Looking back on things, Emilia’s a scary, scary woman. She cut down a suppliant. She slit a hostage’s throat in a public park. She left Aryk trapped and nearly undefended for Keph LoCaine to torment. (Will Gerevannin saved Aryk’s bacon. How’s that for irony?) At the best of times, she’s harsh and abrupt with her friends; she’s gone off on poor faithful Godfrey twice. She’s been unequivocally rude, even; she proved in the pocket-dimension that she can swear like a sailor.

She’s empty as a hollowed-out tree-trunk, Emilia is, humorless and cold, not very much left to her but anger and violence and haughty indifference. She’s brave, yes, and she’ll make the tough calls without hesitation and soldier on undaunted through anything. Renate needs that bravery and that determination, no question about it. But Emilia is heedlessly brave, recklessly brave, the kind of bravery that invariably ends in death.

Death wish. Emilia has a terrible death wish. Probably has a lot to do with not being much in evidence except when matters really can’t get a whole lot worse. (Except when they do, of course. Welcome to the Dragonhunt.)

It’s a bad, bad headspace to get stuck in. Bad for Renate, bad for her family and friends, bad for the causes she believes in—let loose forever, Emilia would be a callous tyrant. (As long as she lasted, which probably wouldn’t be long. She’d get herself assassinated in short order, I suspect. You know how dragons are.)

The first time Emilia made her appearance, fortunately for Renate, there wasn’t any convenient death to hand, just a ticked-off dragon with an art gallery. The second time, Sabine was there to save her life and haul her out of Emilia’s quicksand. In Ilium, she and Rien fought hard and reasonably successfully to keep each other’s demons at bay (and if you think I’m drawing an analogy between Rien’s Trancey and Renate’s Emilia, go get yourself a gold star).

But now Rien’s gone, and Renate’s stuck. Coris and his crew have done right yeomanly work, enough that our Renate—our gentle, droll, warmhearted farm girl—has put in an appearance or two. They also confronted her with Emilia’s death-wish, which means she’ll actually have to start sorting that through. (For one reason or another, I don’t think she’ll be getting much sleep tonight.)

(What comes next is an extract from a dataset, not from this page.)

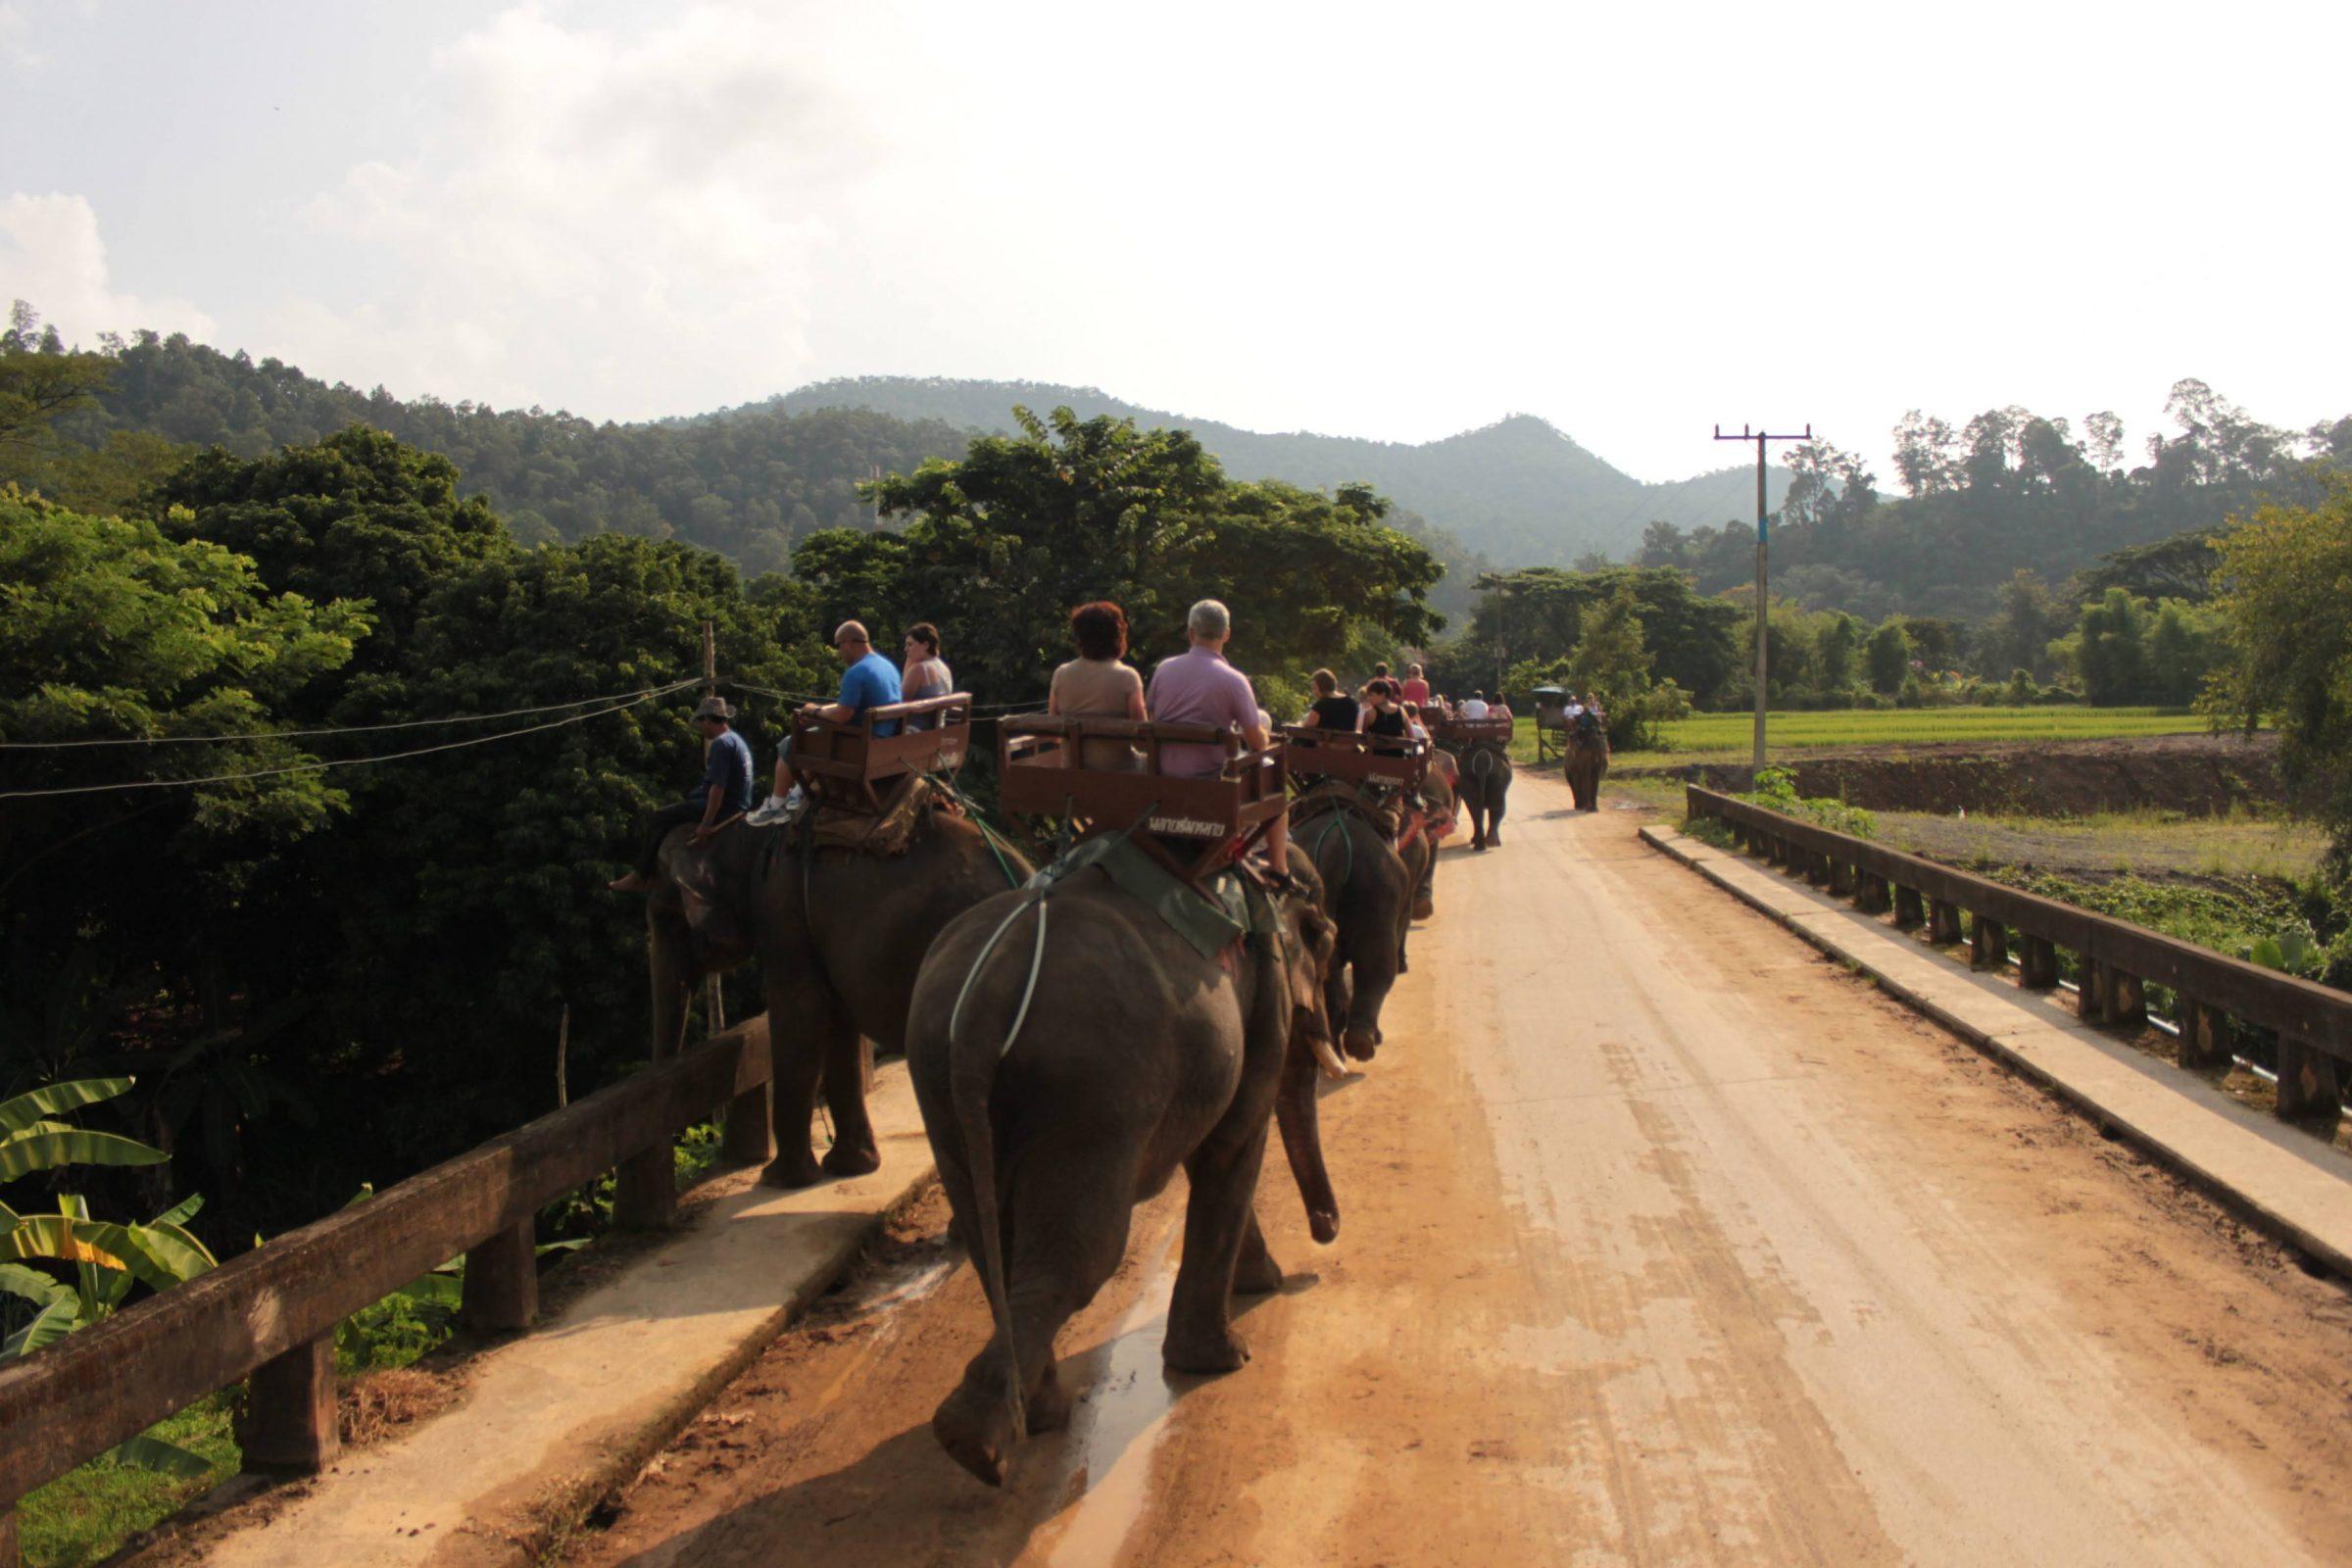 Olifantenrit in Chiang Mai, Thailand

It’s not enough, though, not yet; not enough to remind her she’s entitled to humanity. No amount of confrontation or reason breaks down the walls Emilia builds around Renate’s heart and soul. That takes sympathy, warmth, and simple human contact.

The uses of history books

Saturday, October 9th, 2004

I just found a secondhand bit from the chronicles of the Avila repopulation that had me falling out of my chair laughing. I have got to do this to Monrroyo. It’s too hysterical.

This stunt will ruin keyboards from here to Australia. I swear it will.

Now we know what history books are good for. Finding the funny bits.